Jota Júnior, um comunicador de carisma inquestionável

(Foto: TV Arapuan)

• Por Valéria Sinésio

Faz tempo, mas eu lembro como se fosse hoje. Eu, ainda adolescente, na casa dos meus pais, liguei o rádio de manhã cedo e, entre as estações, uma voz me cativou. Assim, de imediato. Sem esforço. Era Jota Júnior. A partir daquele dia, liguei o rádio por anos seguidos, sempre no mesmo horário, para ouvir o que aquele comunicador de um carisma inquestionável falava.

Dentro de casa, era briga. Meus irmãos reclamavam quando eu ligava o rádio para ouvi-lo, atrapalhando, assim, o sono deles. Mas, apoiada pela minha mãe, que também se tornou ouvinte assídua de Jota, acabei vencendo, mesmo tendo que baixar o volume uma vez ou outra. A voz de Jota Júnior me desperta boas lembranças. Quando, por exemplo, eu ligava para a produção e pedia informação sobre qualquer coisa só para que eles me colocassem no ar e eu falasse com Jota. Eu não tinha mais que 15 anos.

Já perto de prestar vestibular para Comunicação Social, fui convencida por uma amiga para irmos conhecer aquele apresentador que era dono da audiência no horário da manhã. Eu, claro, topei, embora não soubesse o que falar. Chegamos à emissora e logo alguém nos levou a ele. Eu, tomada pela timidez, fiquei ali, sem jeito, enquanto Jota Júnior abria um daqueles sorrisos sinceros que se tornou característica marcante dele.

Conversa vai, conversa vem, eu digo, enfim, que quero ser jornalista e quem sabe um dia trabalhar com ele. Diante daquela confissão, eu vi um Jota Júnior entusiasmado em incentivar uma pessoa jovem a seguir e lutar pelos objetivos, mesmo sem me conhecer. Na hora de se despedir, na portaria, Jota me abraça, segura minha mão e diz: “Garota, não tenha medo dos seus sonhos!”.

“Não tenha medo dos seus sonhos”. Eu lembrei dessa frase de Jota quando fiz o vestibular, quando cheguei à Universidade Federal da Paraíba (UFPB), quando fiz meu primeiro programa de rádio na disciplina do mestre Carmélio Reynaldo. Em vários momentos da minha vida profissional eu lembrei daquele dia. Daquela frase. Daquele abraço. Outras visitas se sucederam àquela, e ele sempre gentil com os estudantes que iam até ele enchê-lo de perguntas – as quais ele respondia sempre pacientemente.

Enquanto muitos o criticavam e o acusavam de sensacionalismo, eu enxergava ali uma pessoa de verdade. Um ser humano verdadeiro. Com falhas e defeitos, como todos nós somos.

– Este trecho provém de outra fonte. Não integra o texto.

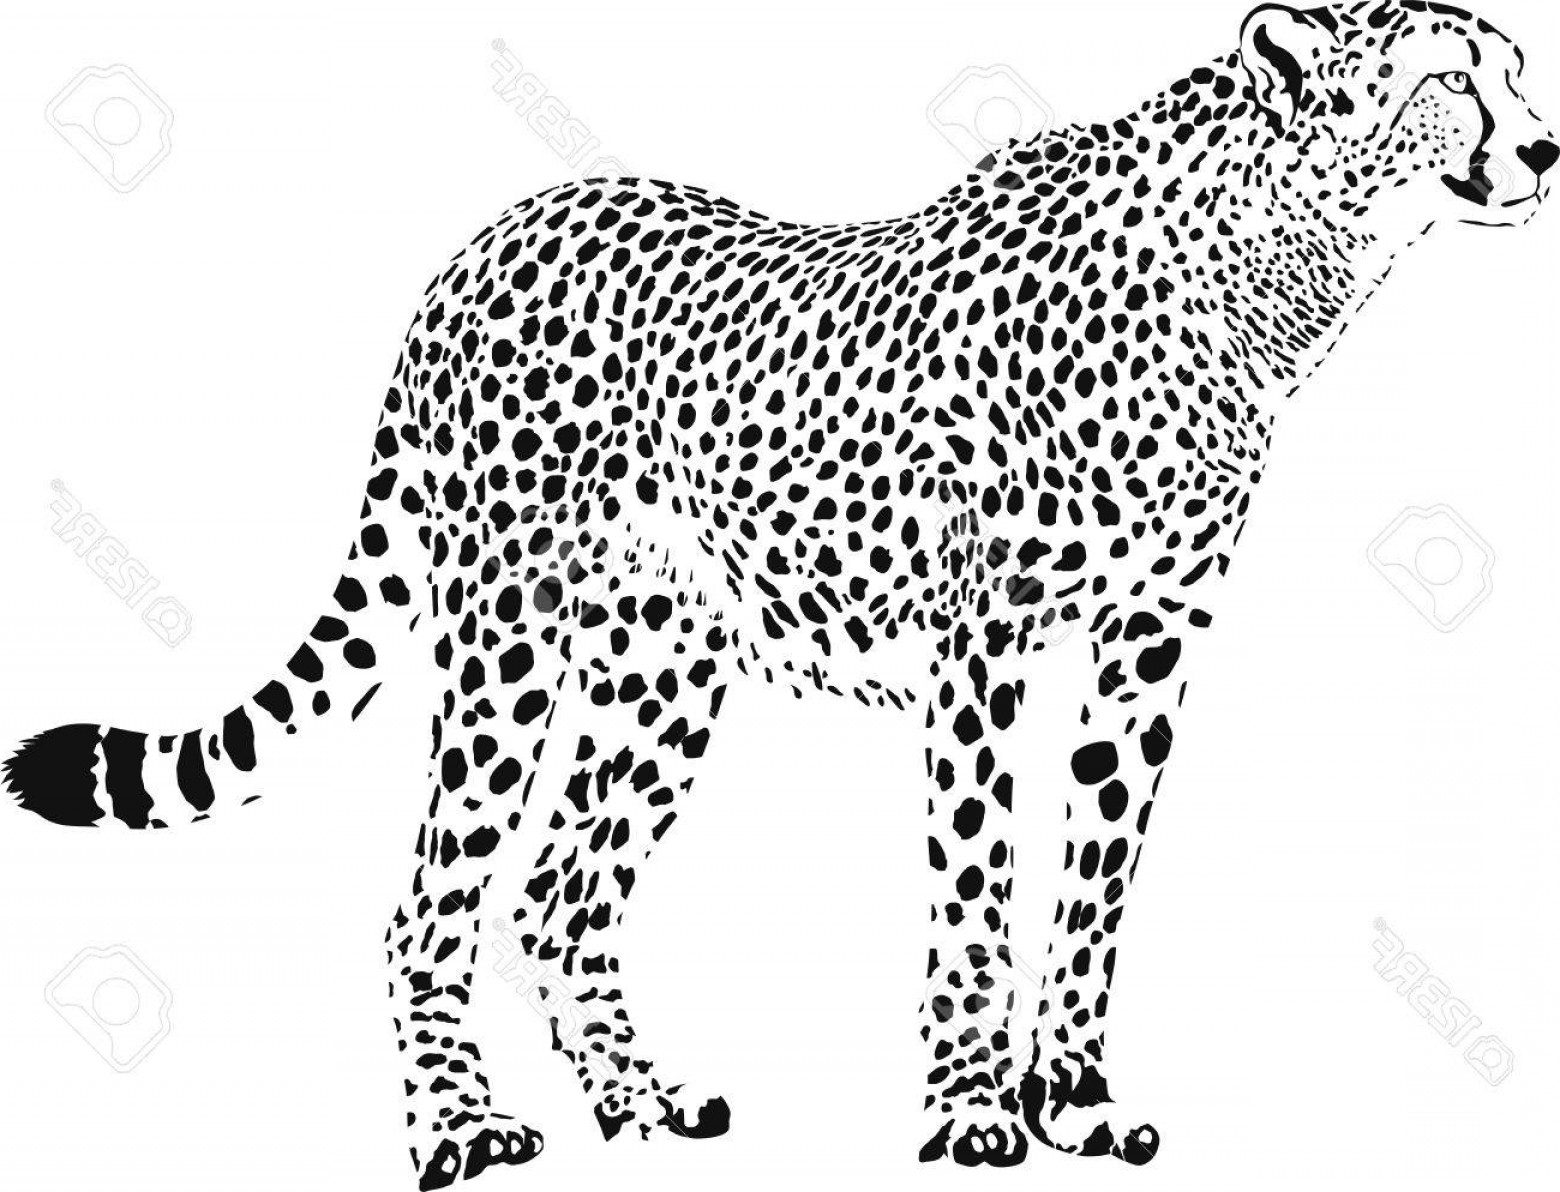 Cheetah Vector at Vectorified.com | Collection of Cheetah Vector free

Anos mais tarde, recebi meu diploma. Bacharel em jornalismo pela UFPB. Aquele pedaço de papel nas mãos me fez, mais uma vez, lembrar das palavras de Jota: “Garota, não tenha medo dos seus sonhos!”. Não tive, Jota! Não tenho! Pena que não te reencontrei para dizer isso. Para falar a verdade, até reencontrei, em uma praça de alimentação, almoçando sozinho (há uns quatro anos), mas eu estava com tanta pressa que resolvi deixar para depois.

Para depois…a gente sempre com a mania de deixar para depois. Abraços, beijos, agradecimentos, perdão. Porque a gente sempre acha que vai ter tempo para fazer o que quiser. E talvez seja esse o maior ensinamento que a morte nos traz. O de que o tempo mais precioso é agora.

Ao amigo e grande comunicador que foi Jota, que Deus te receba de braços abertos…a gente fica aqui morrendo de saudade, mas entendendo que você tinha que partir. Que chegou a hora. Quanto ao seu legado, não se preocupe, esse não será, jamais, esquecido.

  • Valéria Sinésio é jornalista

3 Comente Jota Júnior, um comunicador de carisma inquestionável

  1. Benedito Fonseca Disse:

    A Paraíba perdeu uma grande pessoa! Parabéns Valéria Sinésio pelo texto.

  2. Andréa Batista Disse:

    Que recorte bacana da história de Jota, Valéria! Que Deus console a família dele!

  3. Isaías Teixeira Disse:

    Parabéns, Valéria Sinésio, pelo depoimento emocionante! Fiquei saboreando a recordação de quando você começou a escutar Jota no rádio, isso não é comum para uma adolescente. Talvez esse gosto pelo rádio fosse uma revelação de que o seu futuro seria o jornalismo.